* Supplied information:
═══
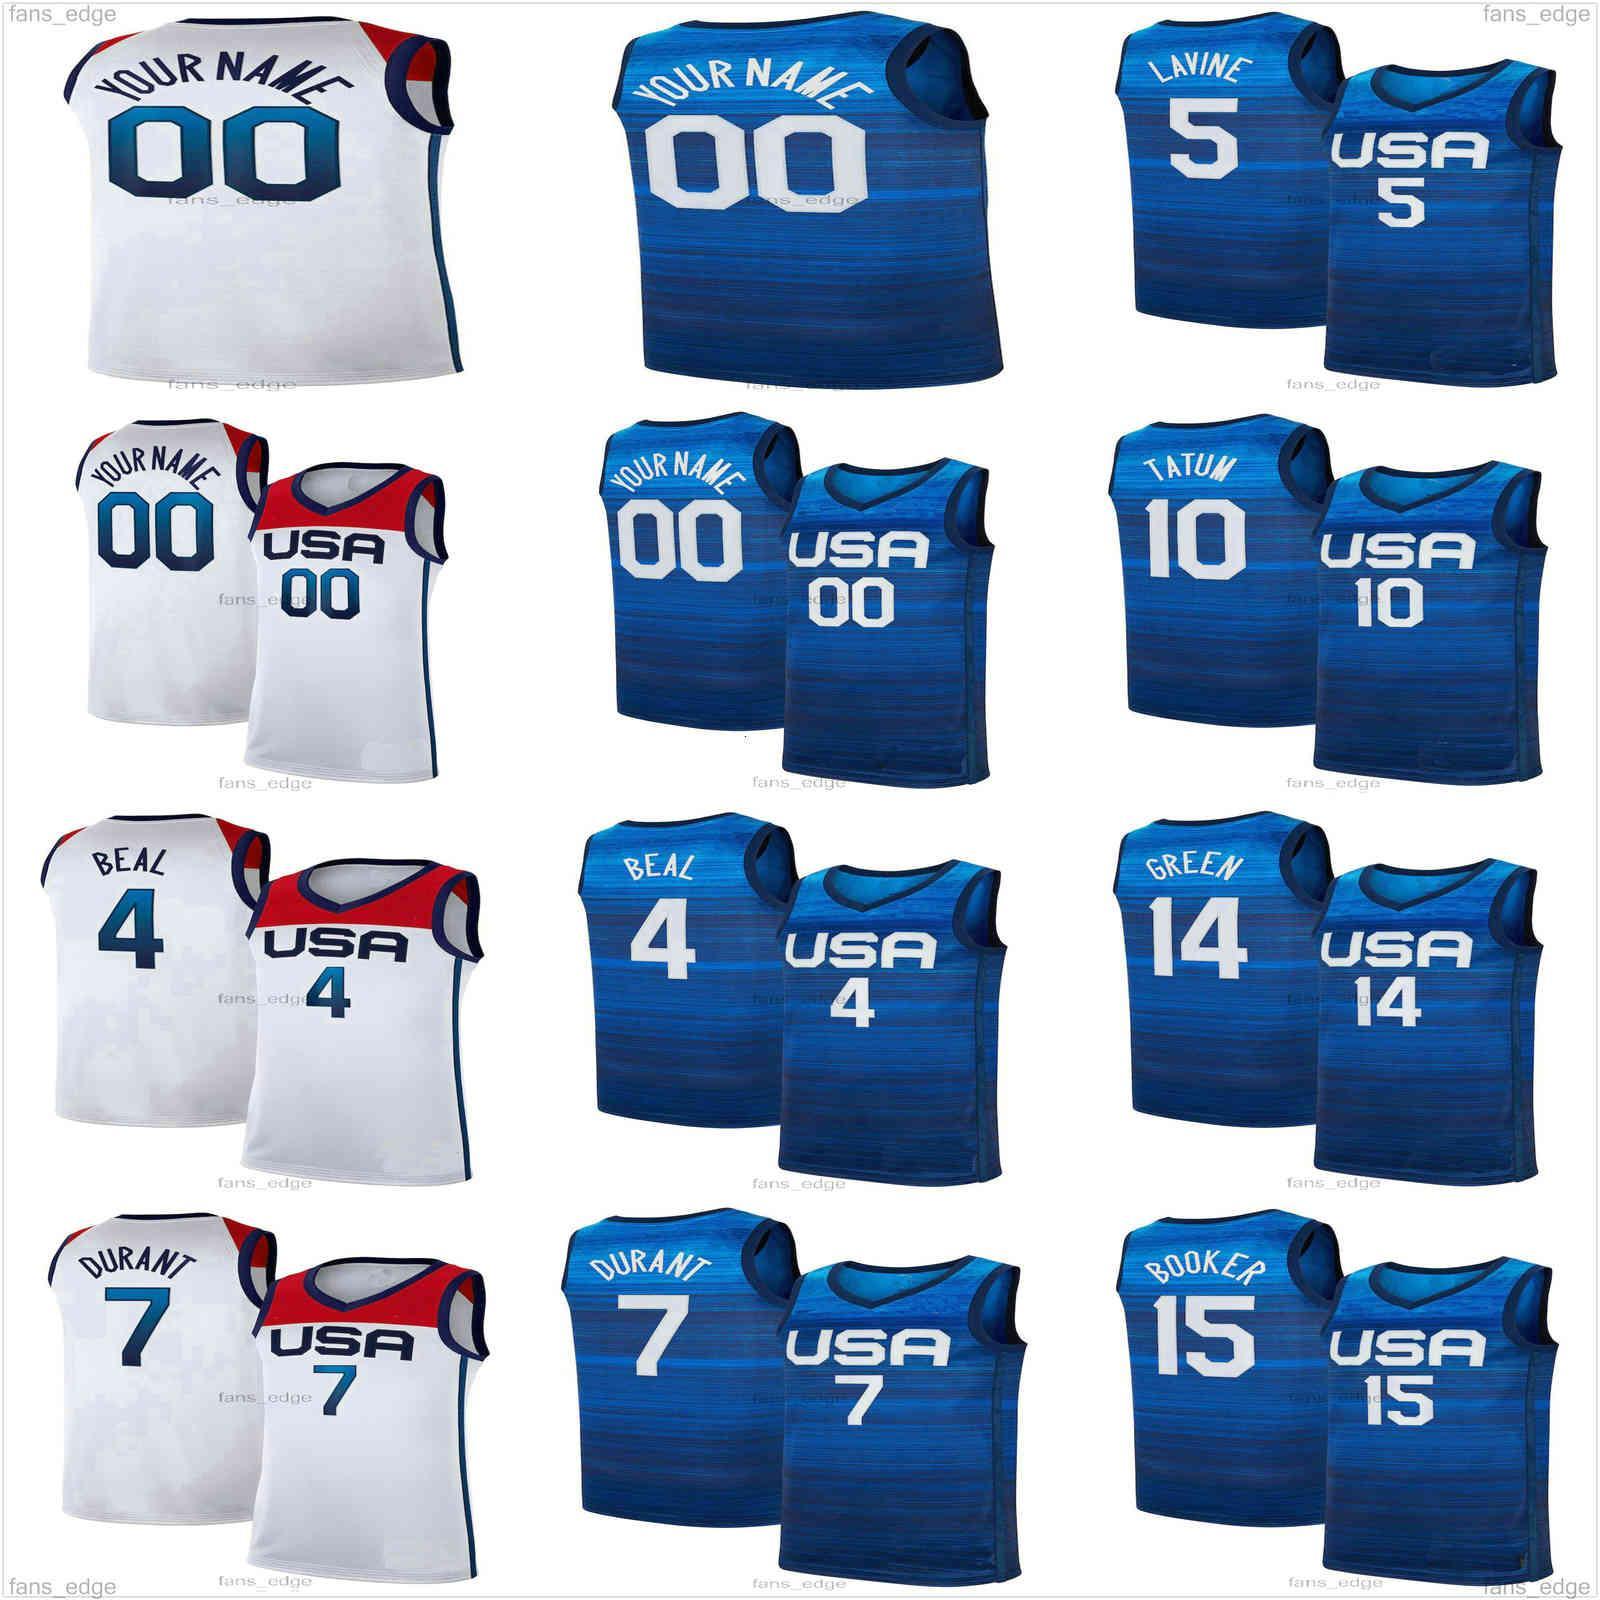 2021 Tokyo Summer Olympics Basketball Jerseys Kevin 7 Durant Devin 15 Booker Damian 6 Lillard Jayson 10 Tatum Zach 5 LaVine Bradley 4 Beal
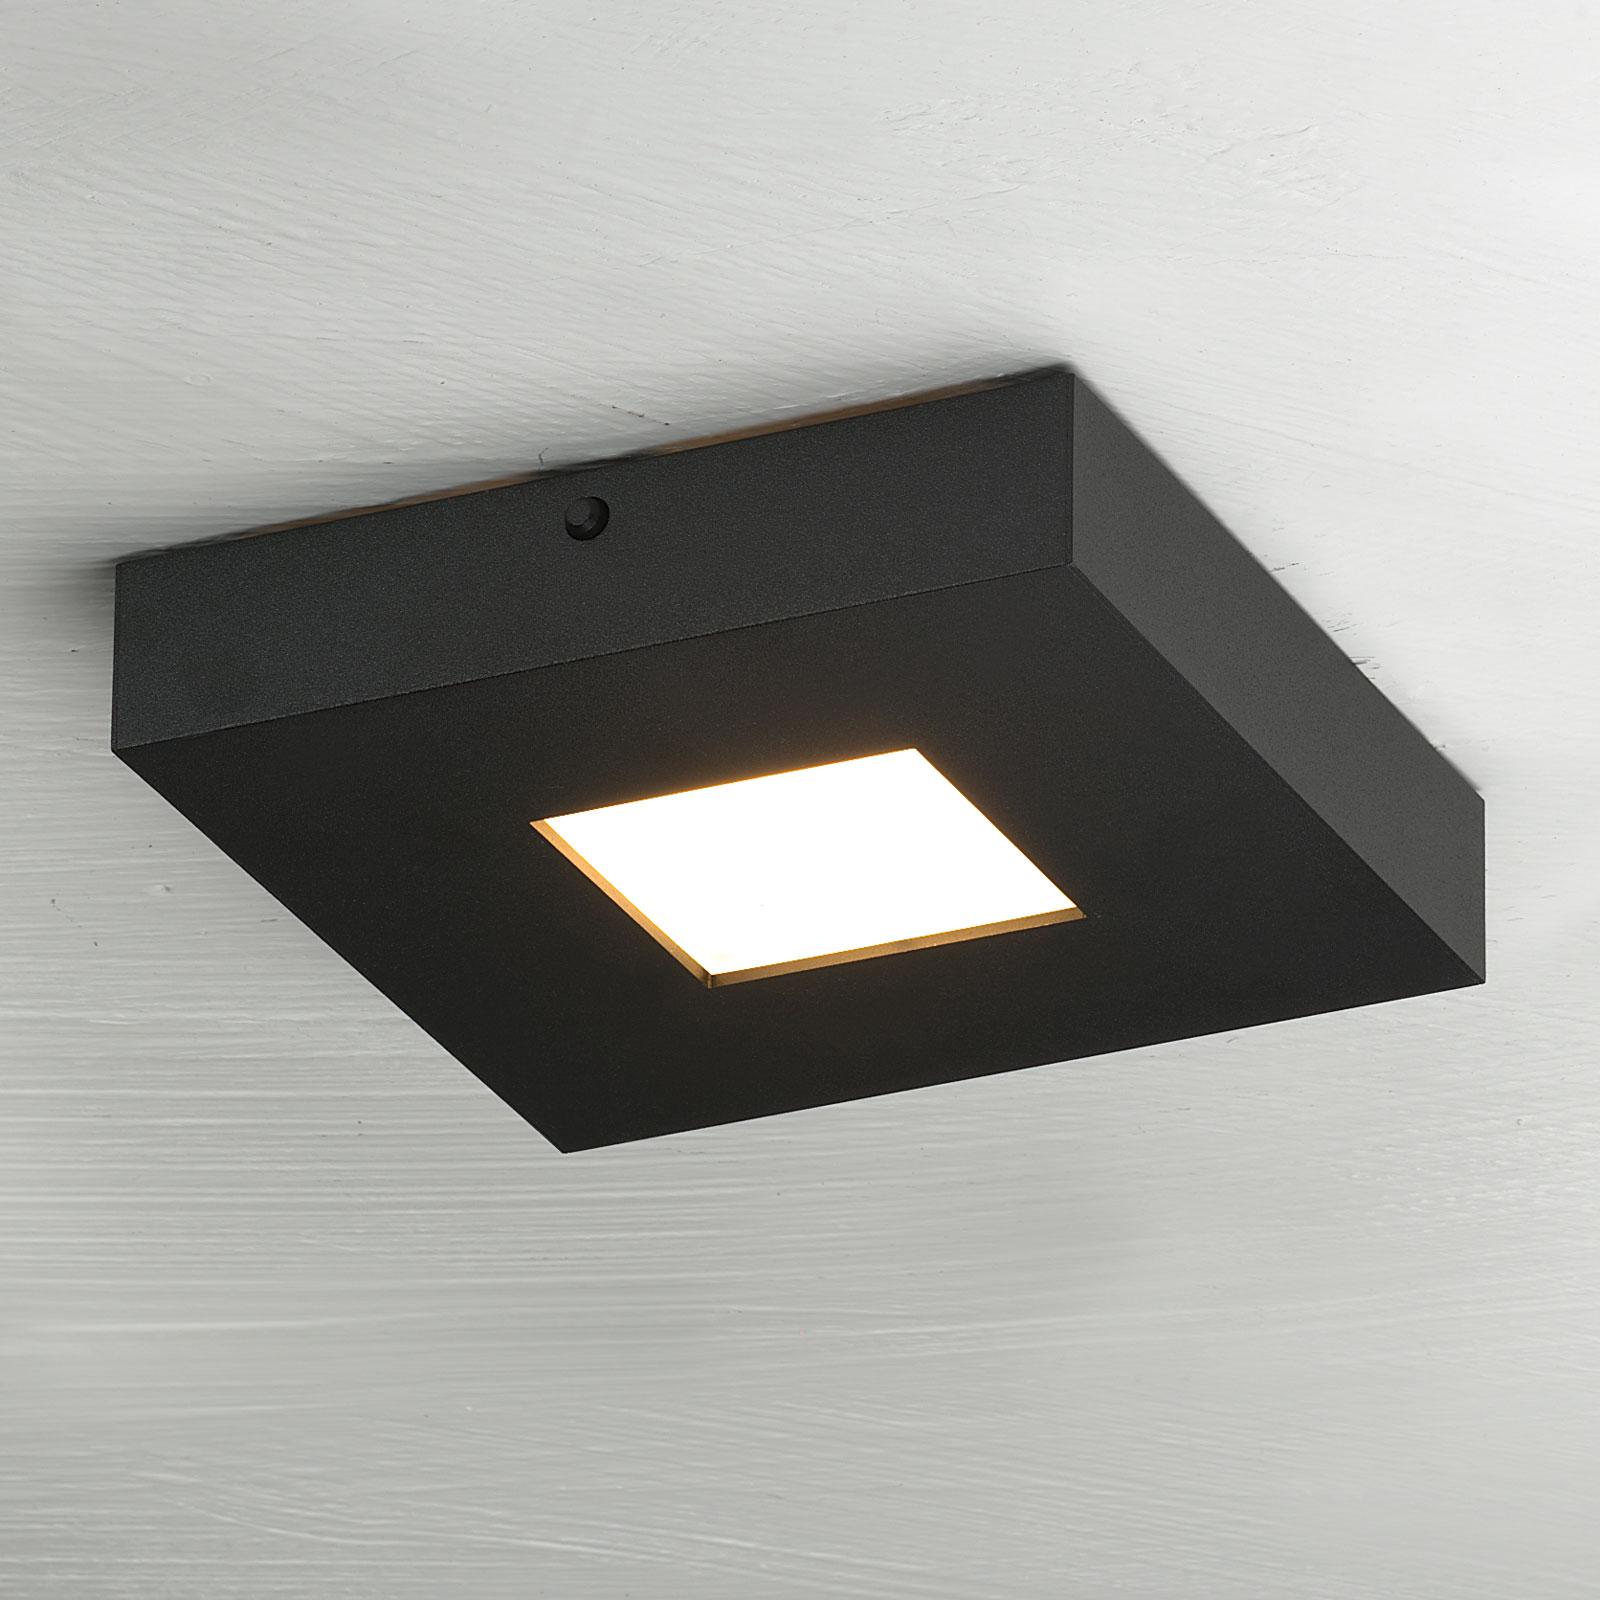 LED-plafondlamp Cubus in zwart
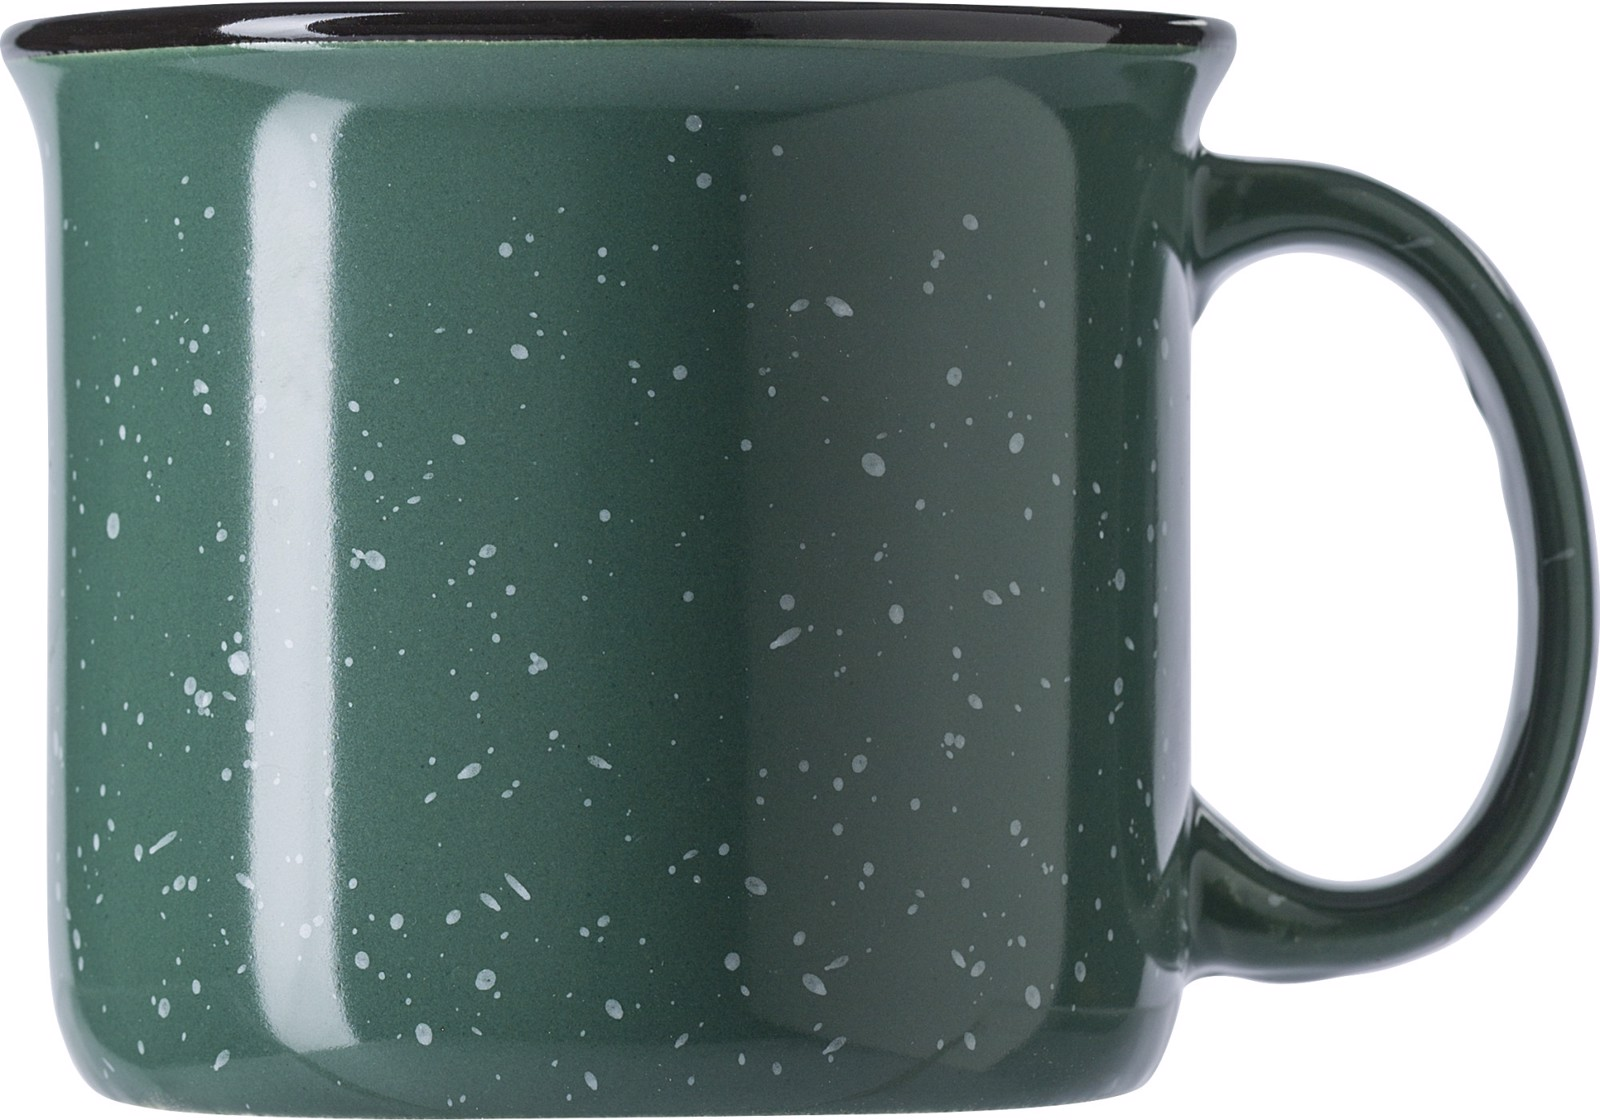 Ceramic mug - Green
═══
Could you reproduce all of the data above exactly and skip any image?

 2021 Tokyo Summer Olympics Basketball Jerseys Kevin 7 Durant Devin 15 Booker Damian 6 Lillard Jayson 10 Tatum Zach 5 LaVine Bradley 4 Beal
 LED-plafondlamp Cubus in zwart
 Ceramic mug - Green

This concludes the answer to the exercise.